Dataset records:

[Start of Attachment]

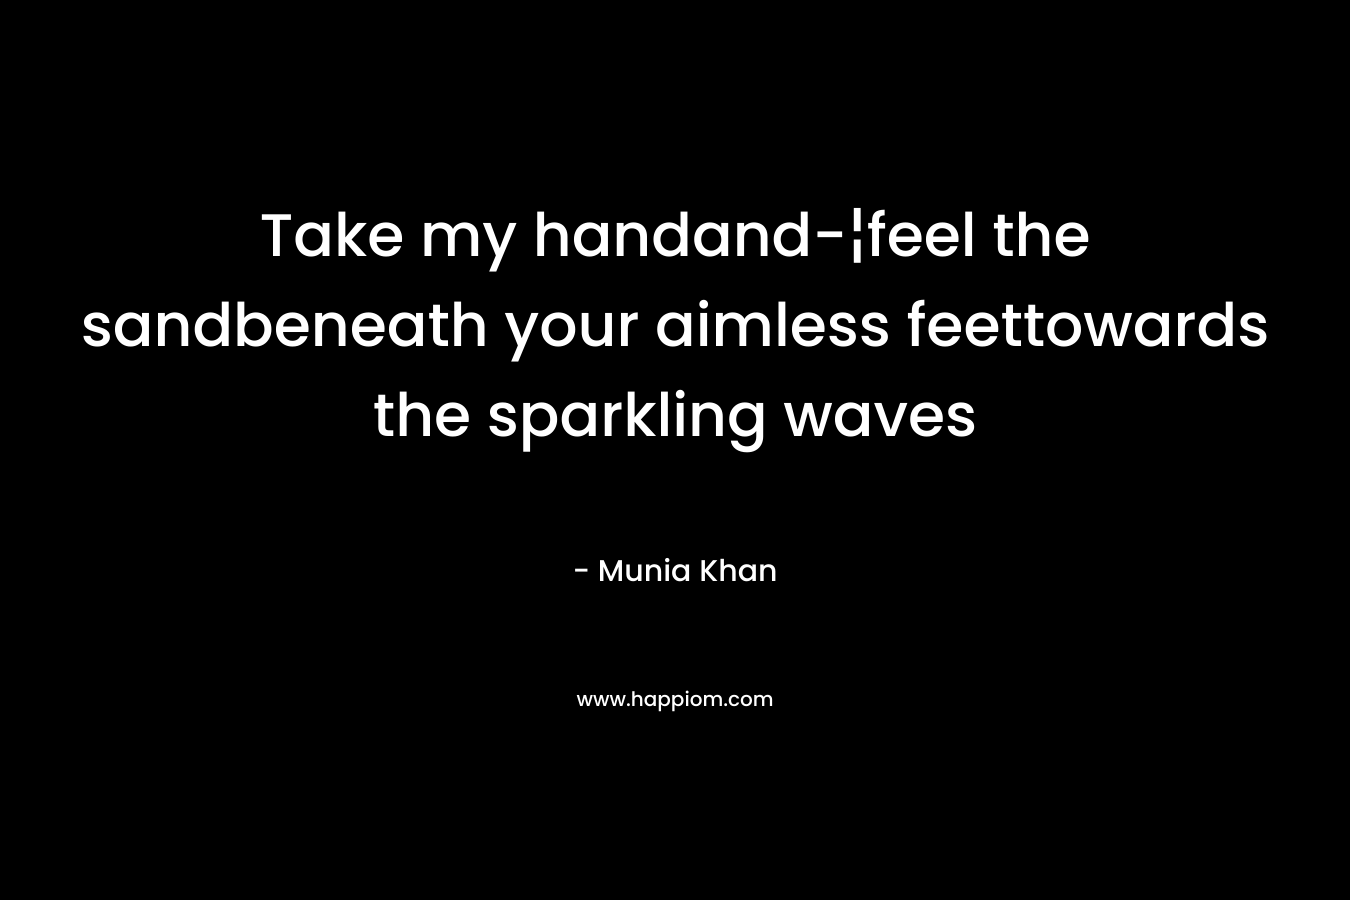 Take my handand-¦feel the sandbeneath your aimless feettowards the sparkling waves
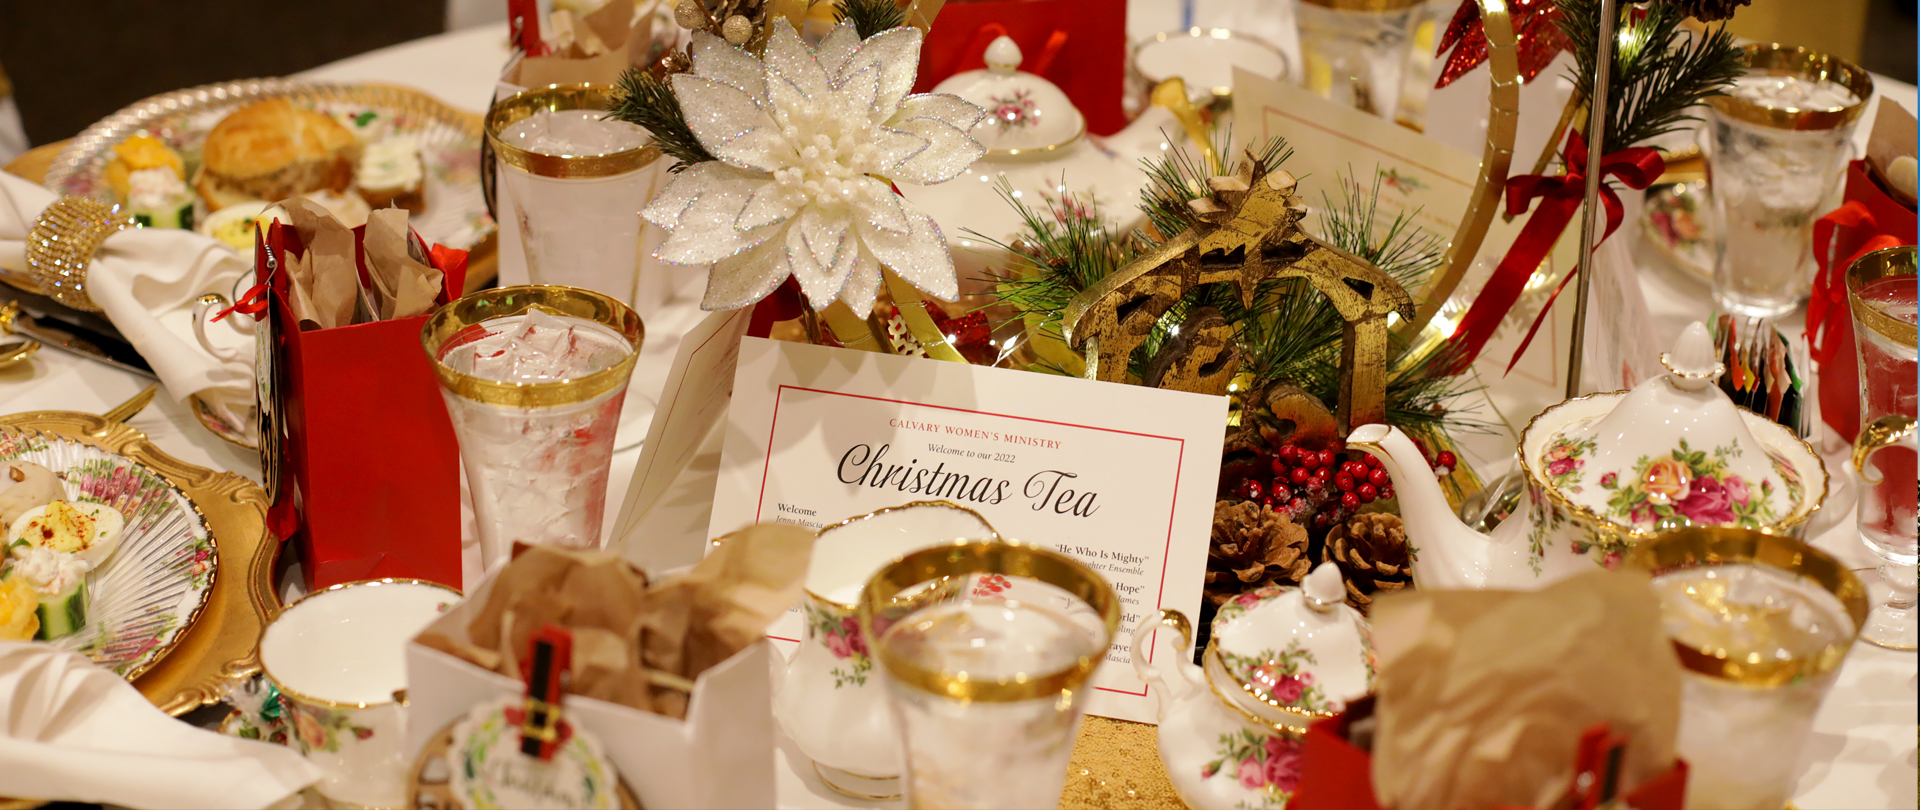 Christmas Tea
Saturday, December 2
 
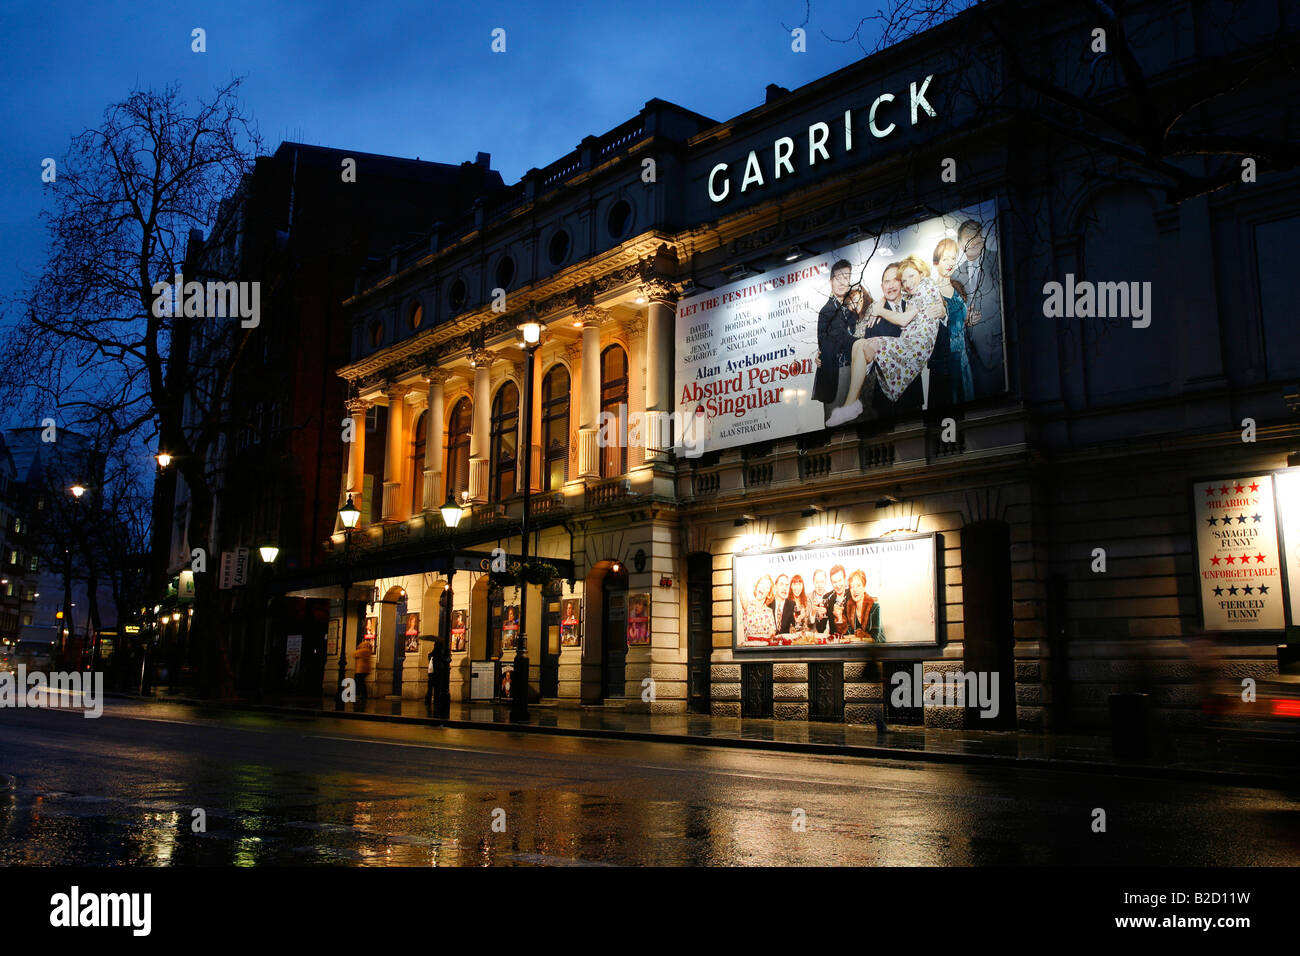 Garrick Theatre on Charing Cross Road, Covent Garden, London Stock Photo
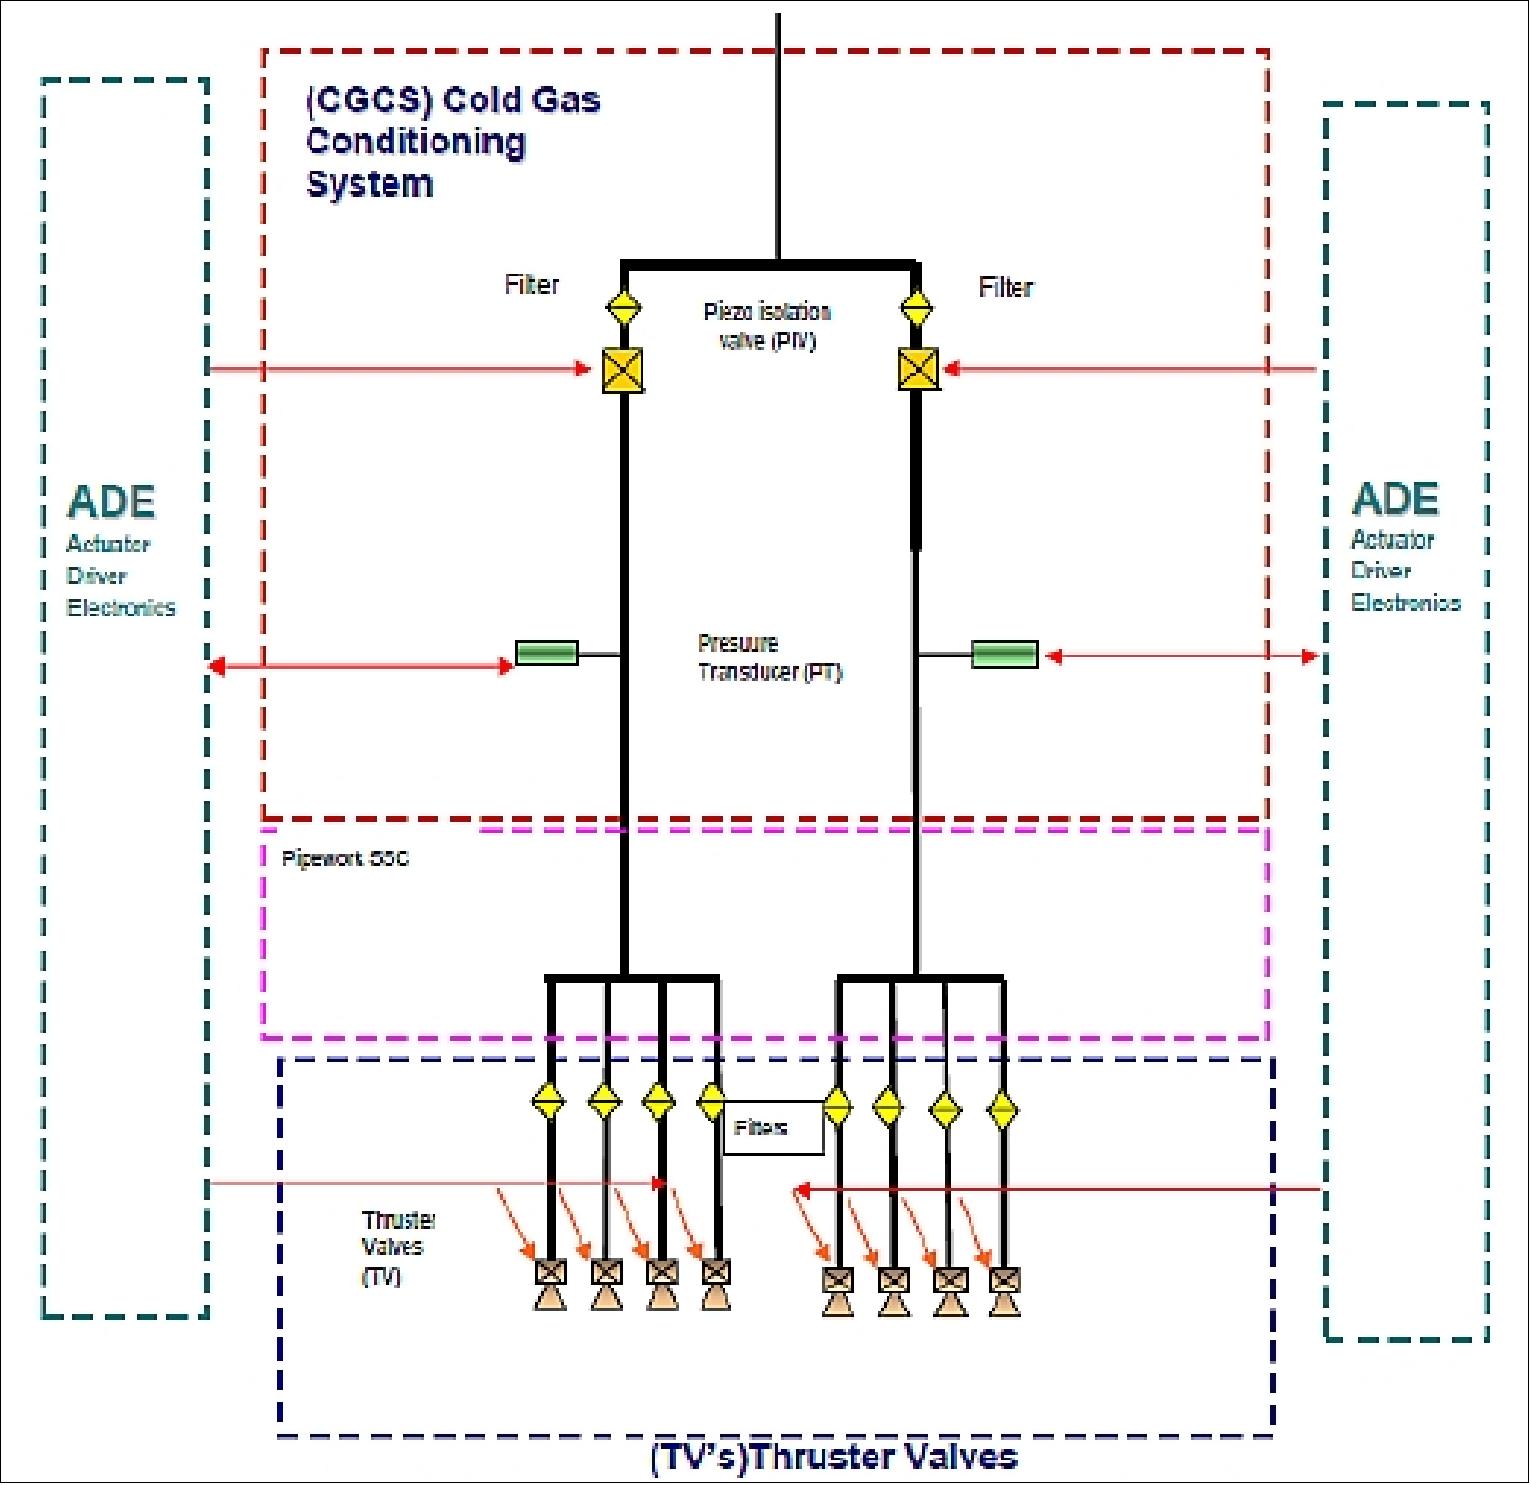 Figure 14: Overview of the CGTA architecture scheme (image credit: SGEO consortium)

[End of Attachment]

**Work order**. Nothing but the lines from the one holding "Garrick Theatre on" through the last line of the entries should be written out, exactly and inclusively, minus the pictures.

**Completed exercise**.
 Garrick Theatre on Charing Cross Road, Covent Garden, London Stock Photo
 Figure 14: Overview of the CGTA architecture scheme (image credit: SGEO consortium)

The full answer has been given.